Jean-Luc Martinez (c) Musée du Louvre 2013/Antoine Mongodin

IN THE AIR

A new head for the Louvre

Once it was known that Henri Loyrette would not seek to succeed himself at the Louvre, it took four months to find his successor. This period is strangely identical to that of the Cahuzac affair, and its dragging on undoubtedly pushed the executive branch not ot take any risks. Outsiders are no longer in vogue, consequently the new boss at the Louvre, Jean Luc Martinez, 49 years old, was named on 3 April 2013, and is from inside the institution. He was director of the department of Greek, Etruscan and Roman antiquities and was also known for his scientific knwoledge and his wish to bring in new publics to the museum, having the experience of teaching in poor suburbs with a cultural vaccum. Obviously the challenge to pick up after twelve years of Loyrette pesidency is no easy task. First he will have to succeed the transplant to Lens which should be easy for Jean Luc Martinez who was in charge of the first permanent exhibit, consolidate the grafted museum in Abu Dhabi where the first exhibition, Birth of a Museum, is to open on 22 April and think over the reception of the museum which has now welcomed over 10 million annual visitors. In this period of economic slowdown, the new leader will have to prove his talents as a fundraiser, which is now indispensable for the leaders of major cultural institutions, so that his museum may continue to demonstrate his number one quality, ambition.

EXHIBITIONS


Auguste Rodin, Coupe et buste. Plaster and antique ceramics, 23 x 25.7 x 18.5 cm. Coll. et © musée Rodin, Paris.
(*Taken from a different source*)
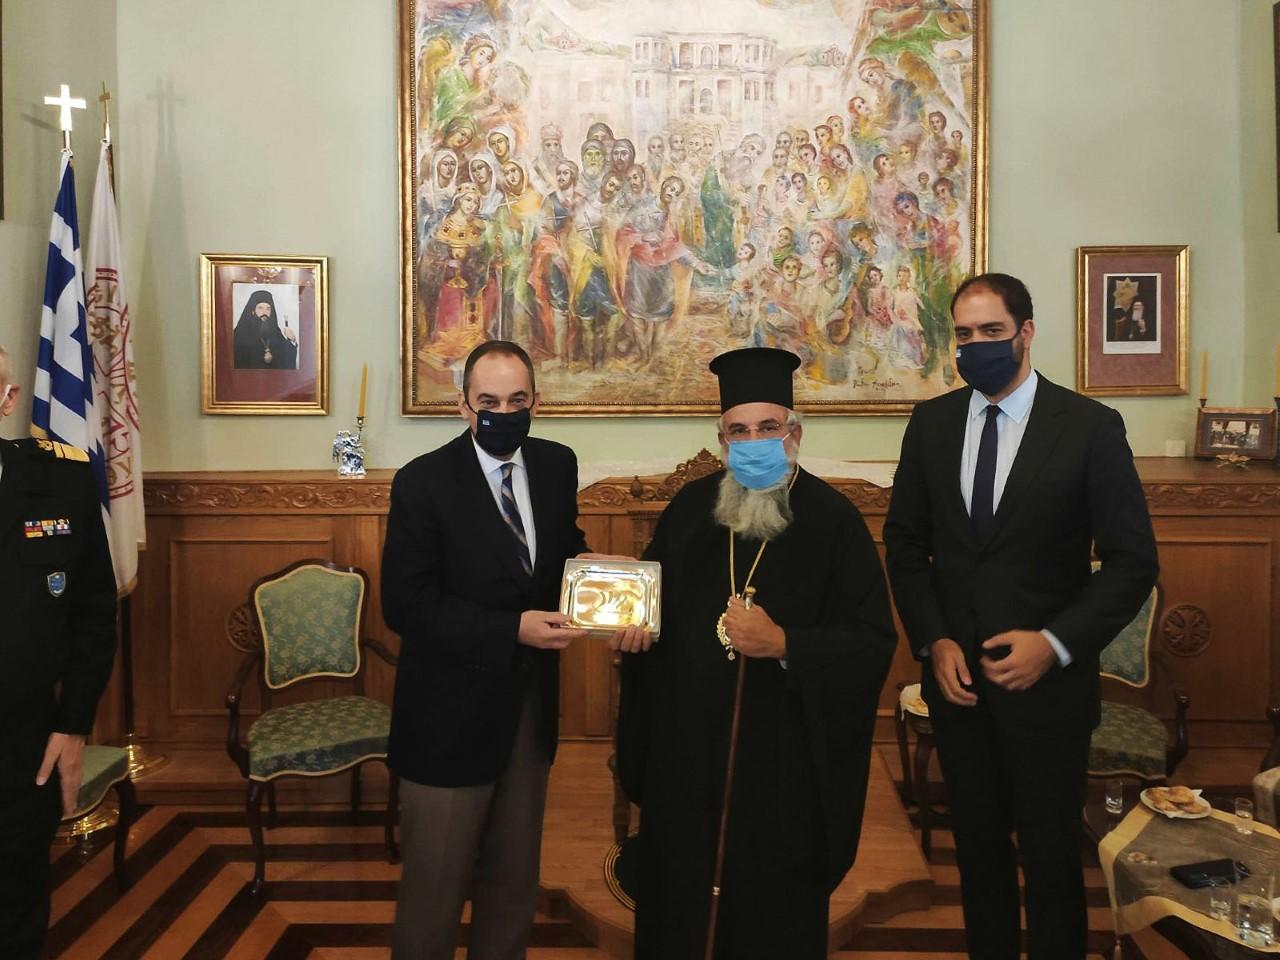 Ο Υπουργός Ναυτιλίας κ. Πλακιωτάκης στην Ι. Μητρόπολη Ρεθύμνης και Αυλοποτάμου
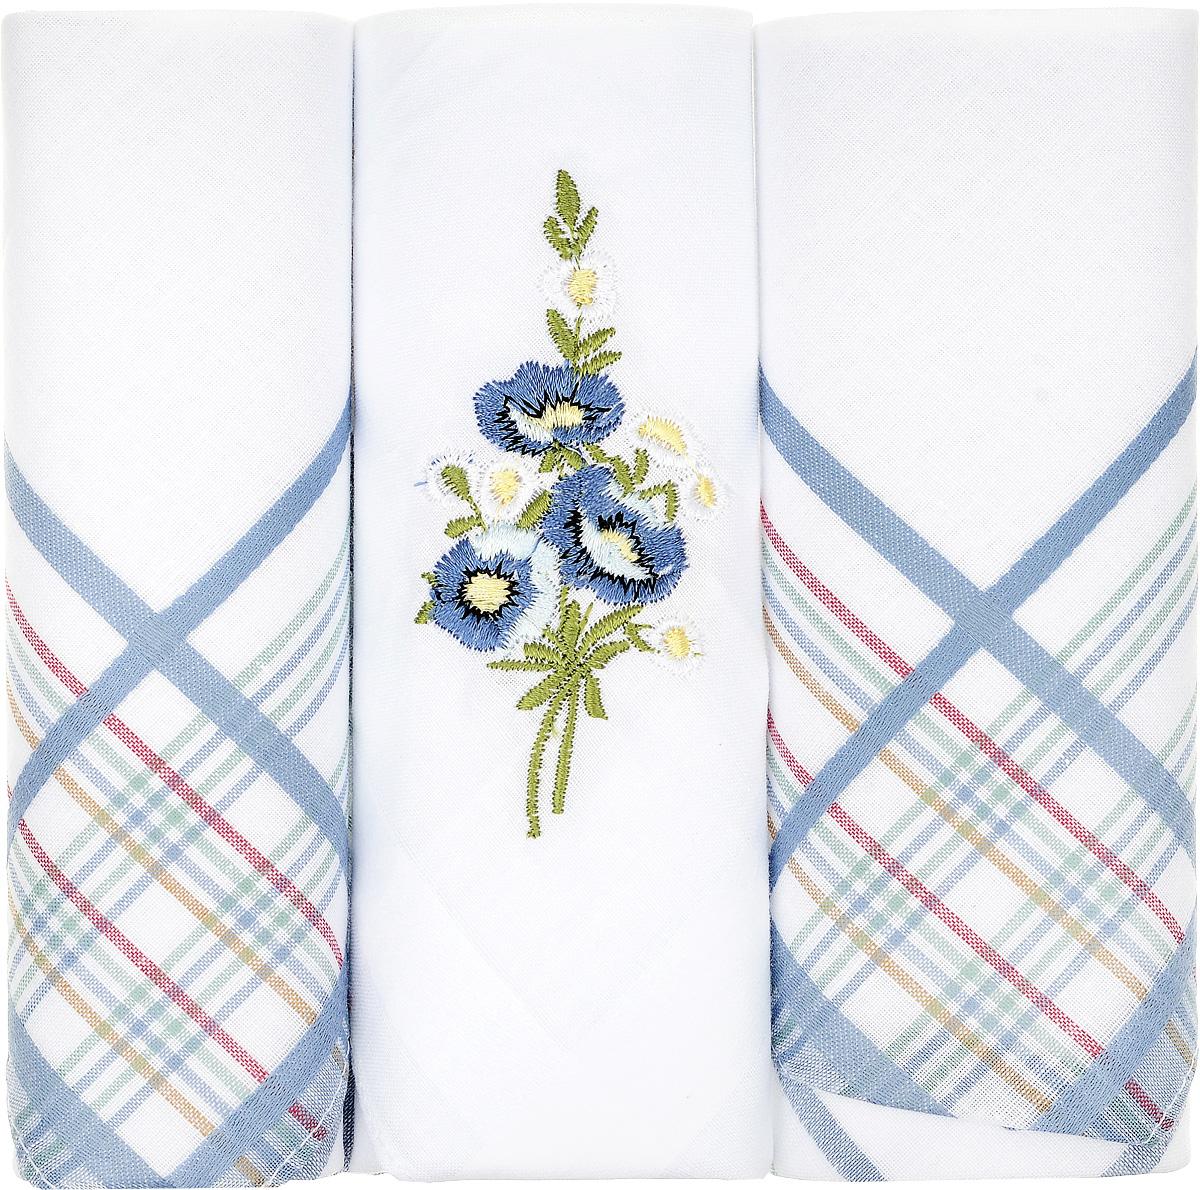 Платок носовой женский Zlata Korunka, цвет: белый, синий, 3 шт. 90329-51. Размер 29 см х 29 см90329-51Небольшой женский носовой платок Zlata Korunka изготовлен из высококачественного натурального хлопка, благодаря чему приятен в использовании, хорошо стирается, не садится и отлично впитывает влагу. Практичный и изящный носовой платок будет незаменим в повседневной жизни любого современного человека. Такой платок послужит стильным аксессуаром и подчеркнет ваше превосходное чувство вкуса. В комплекте 3 платка.

Rodin, a man of the Antiquity

He failed the entrance exam to the school of Fine Arts of Paris -Beaux Arts- three times and therefore never took the traditional training year in Italy which all the candidates to the Prize of Rome are entitled to. Yet Rodin -1840-1917 - was undoubtedly the artist of the second half of the XIXth century most attracted by antique art. The blame can be put on the Louvre. He spent endless days roaming the museum but for lack of means he was never able to do more than a few sketches on paper. This passion lived on though, and in a latter age he built an extraordinary personal collection in which tangras, ceramic bowls and busts unveiled in the diggings of his time all combined. The exhibition matches up these works for the public in a comprehensive manner in which mouldings of the Apollo of the Belvedere or of the Venus of Milo are placed side by side with authentic pieces such as the Warren head from Boston, the Diadumen from the British Museum or the Venus of Arles from the Louvre, next to works by Rodin himself. The cherry on the topping is the encounter between the Monument to Victor Hugo and the famous Laccoon. It was not conceivable to have the original from the Vatican but the impressive, three ton copy made for Louis XIV has left its gardens in Versailles to treat us.
Rodin, la lumière de l’antique at the Musée départemental Arles antique, from 6 April to 1 September 2013.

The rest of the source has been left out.